Born the son of a peasant, Jean-François Millet received a scholarship from the École des Beaux-Arts in Paris, but in 1849 he returned to his native Barbizon, where he painted his most important works. Millet quickly became the most important representative of French realism. The best-known of his works are dedicated to the everyday work and life of the peasants, are held in soft, light brown shades and earth tones and radiate in a golden, soft light.
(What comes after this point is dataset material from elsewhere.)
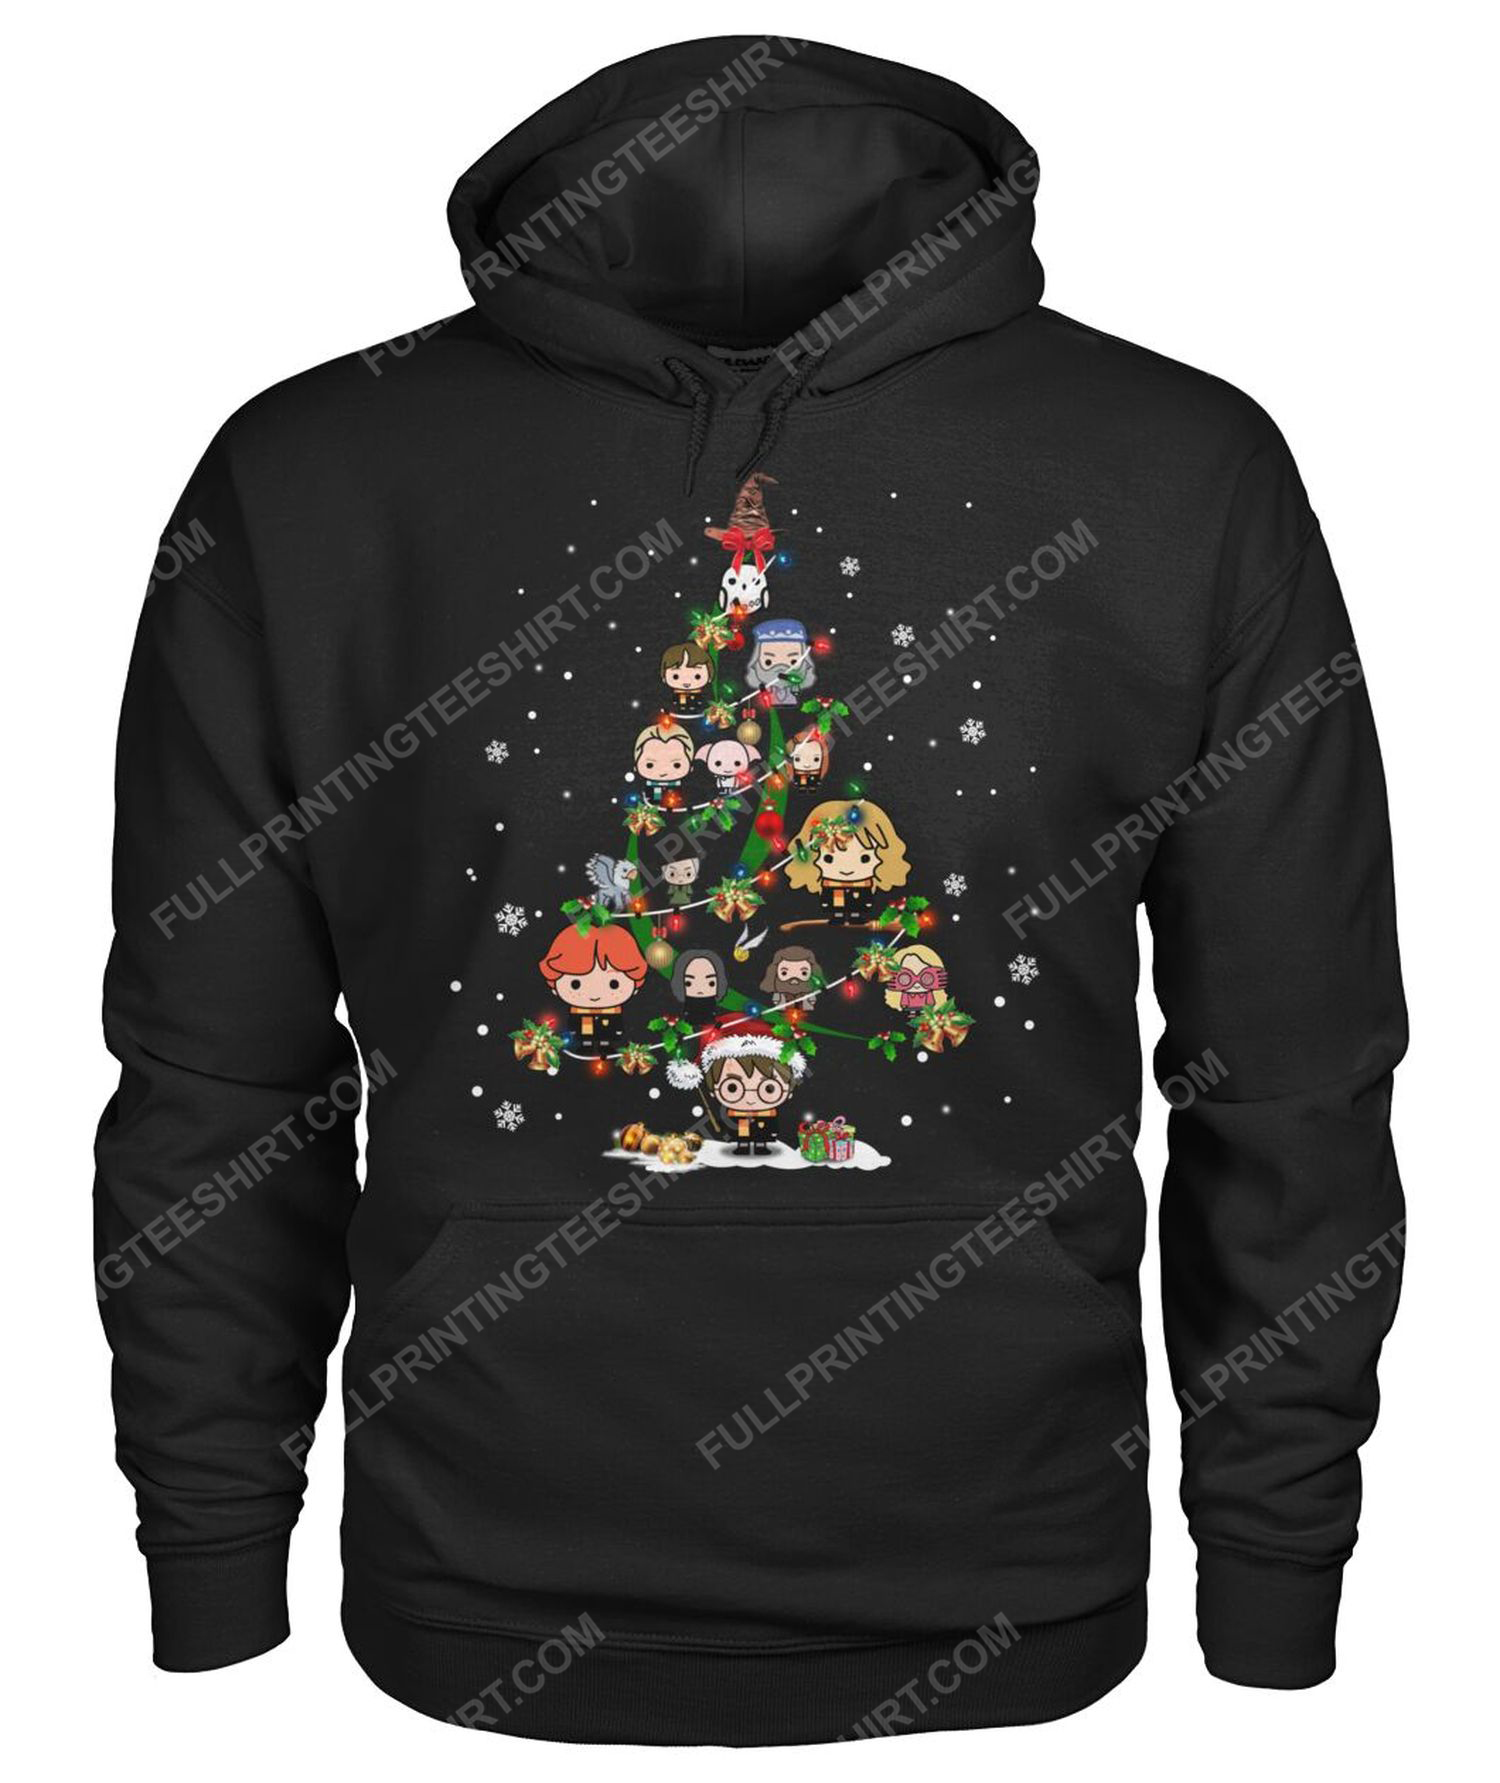 Harry potter chibi and christmas tree hoodie

Millet said: "The theme of the peasants is best suited to my nature, at the risk of being called a socialist: the human side touches me the most in art, the joyous side never shows itself to me, I do not know if It never exists, I have never seen it The most beautiful thing I know is the silence, the silence that is so precious in the forest as on the cultivated fields, always giving me a dreamlike feeling Dream is a sad one, he is often a very delicious dream. "
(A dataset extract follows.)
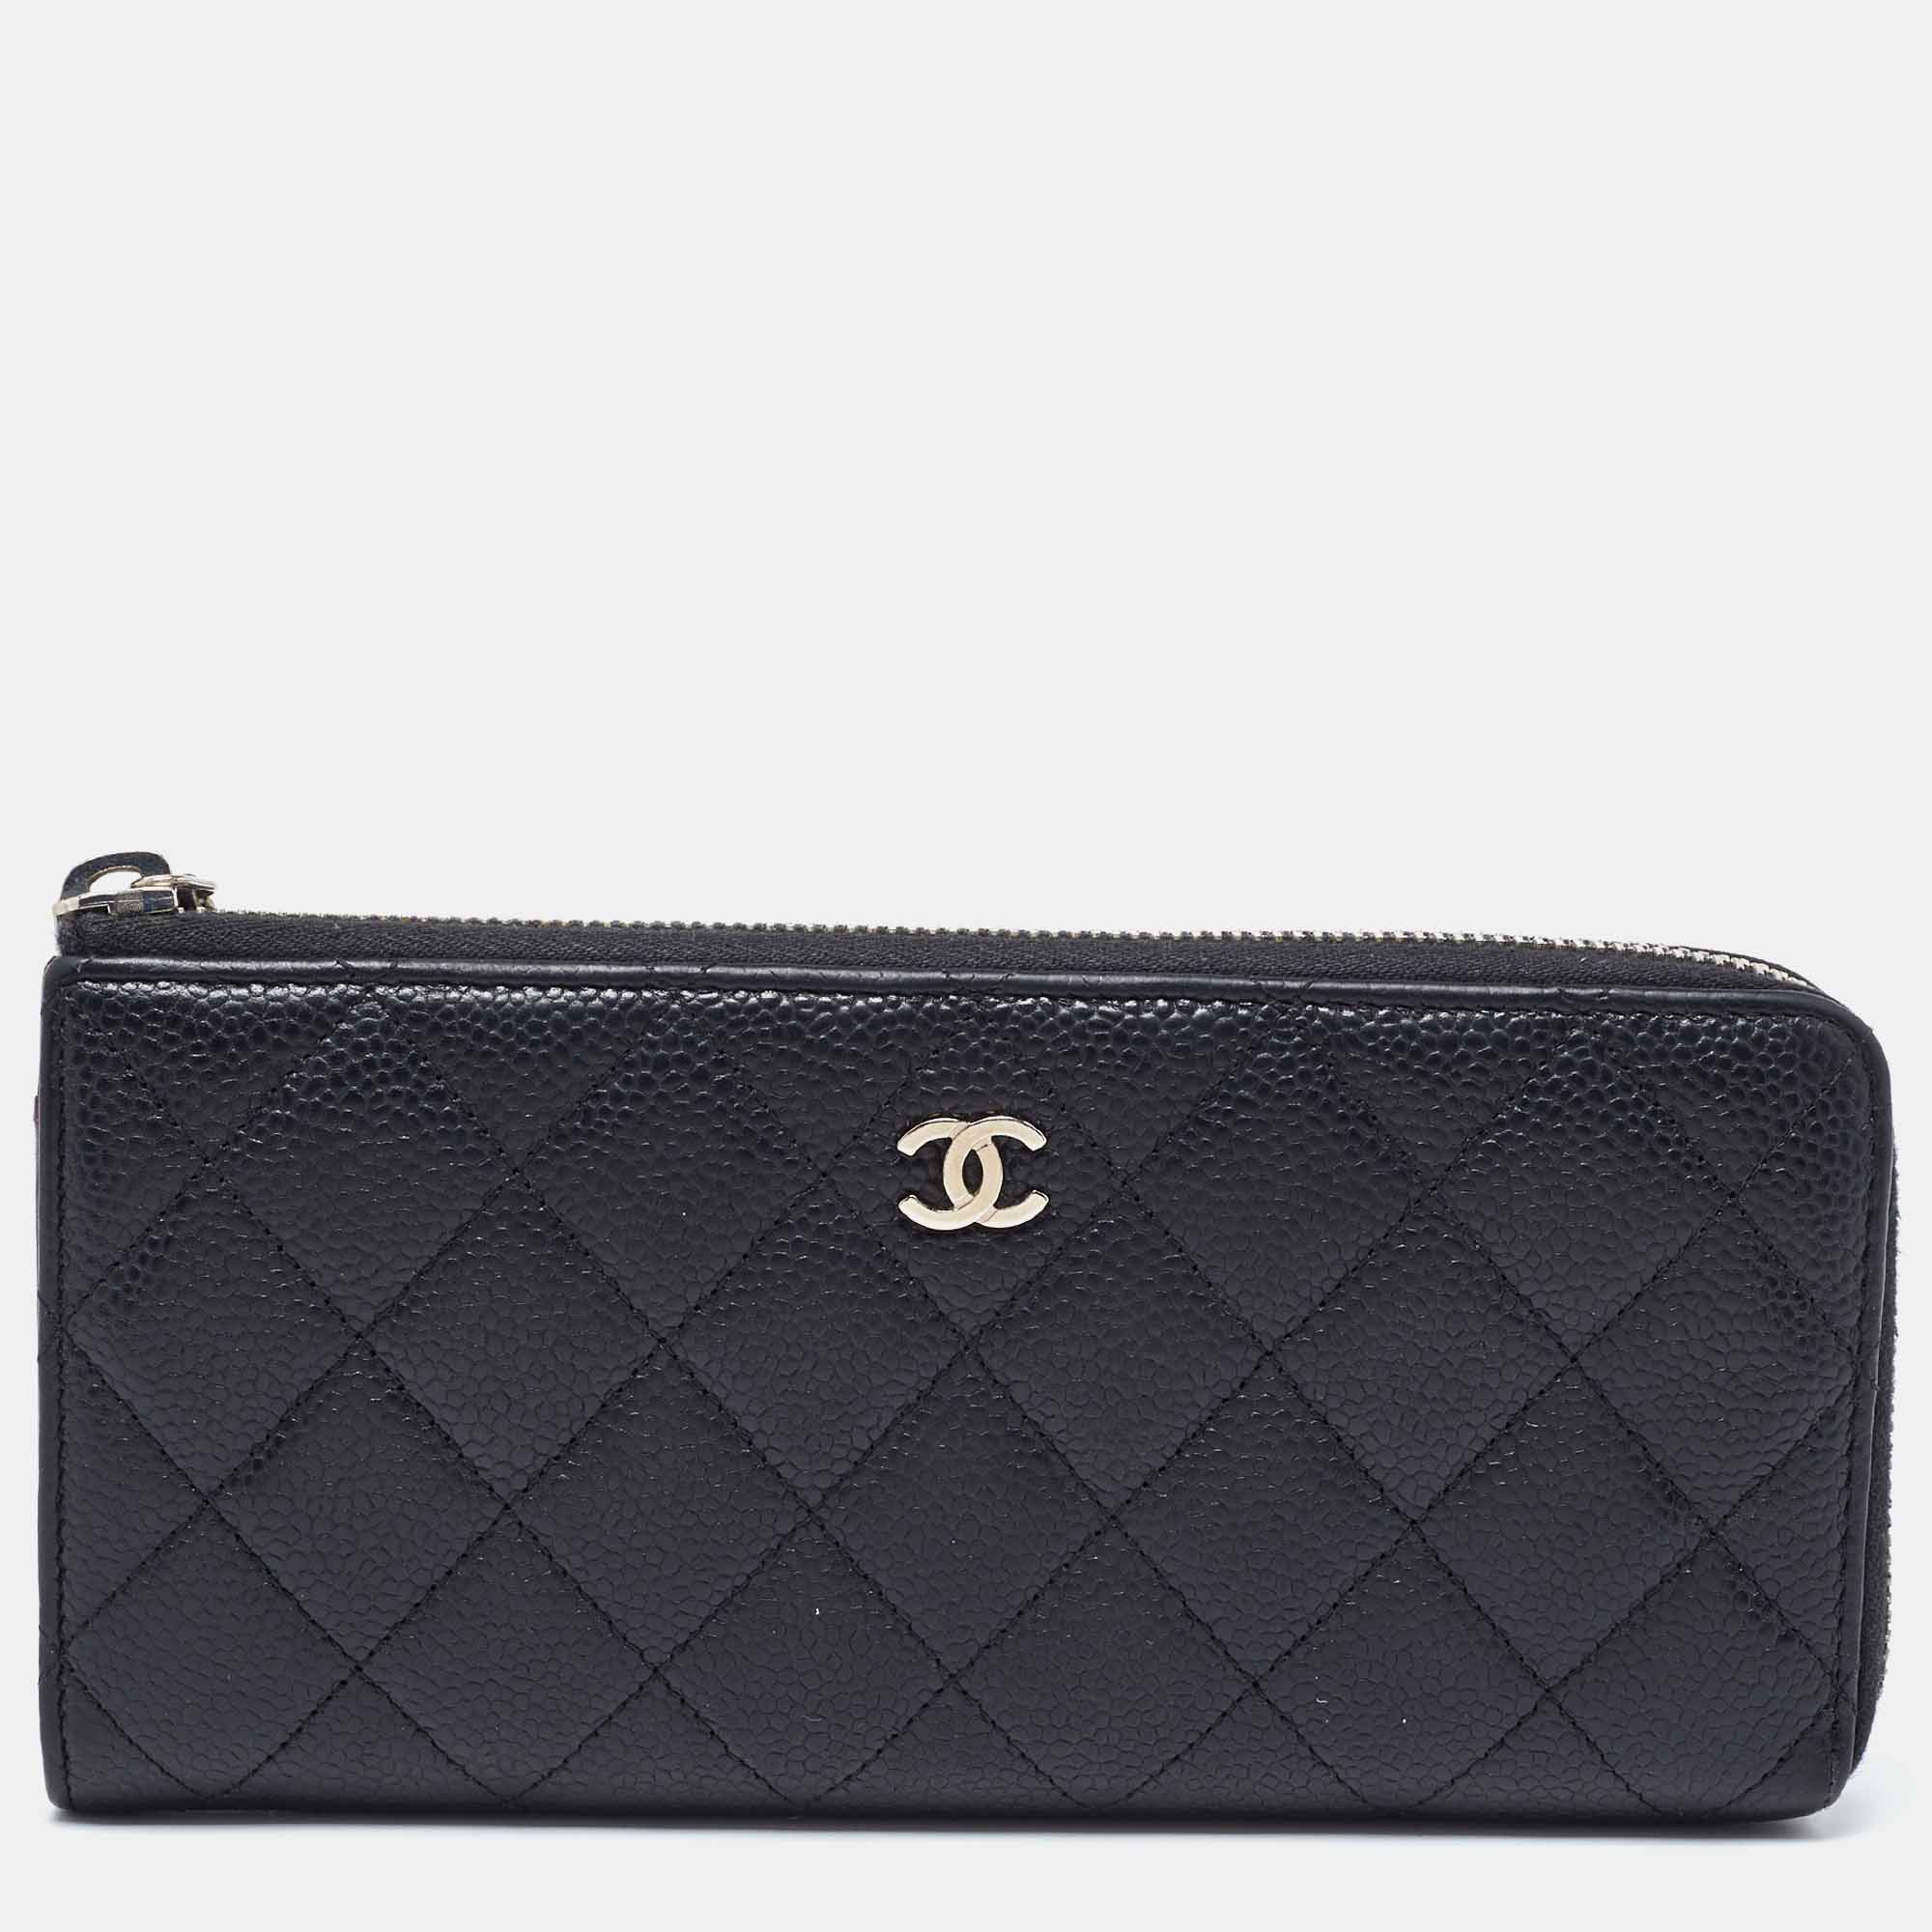 

Chanel Black Quilted Caviar Leather Zip Around Wallet

Especially famous are Millet's "The Gleaners". Created in 1857, the painting shows three stooped farm women in the evening light at the field work. The "angelus peal", which shows two peasants praying over a basket of potatoes, made such feelings of discomfort with Salvador Dalí that he could cause the Louvre to do an x-ray on the canvas to prove that Millet was actually the funeral of one Child showed. When, in fact, the sketch of a black box was found, Dalí wrote a book called Le Mythe tragique de l'Angélus de Millet. "The Sower" inspired
Vincent van Gogh to write his own version of the subject in The Sower of the Setting Sun.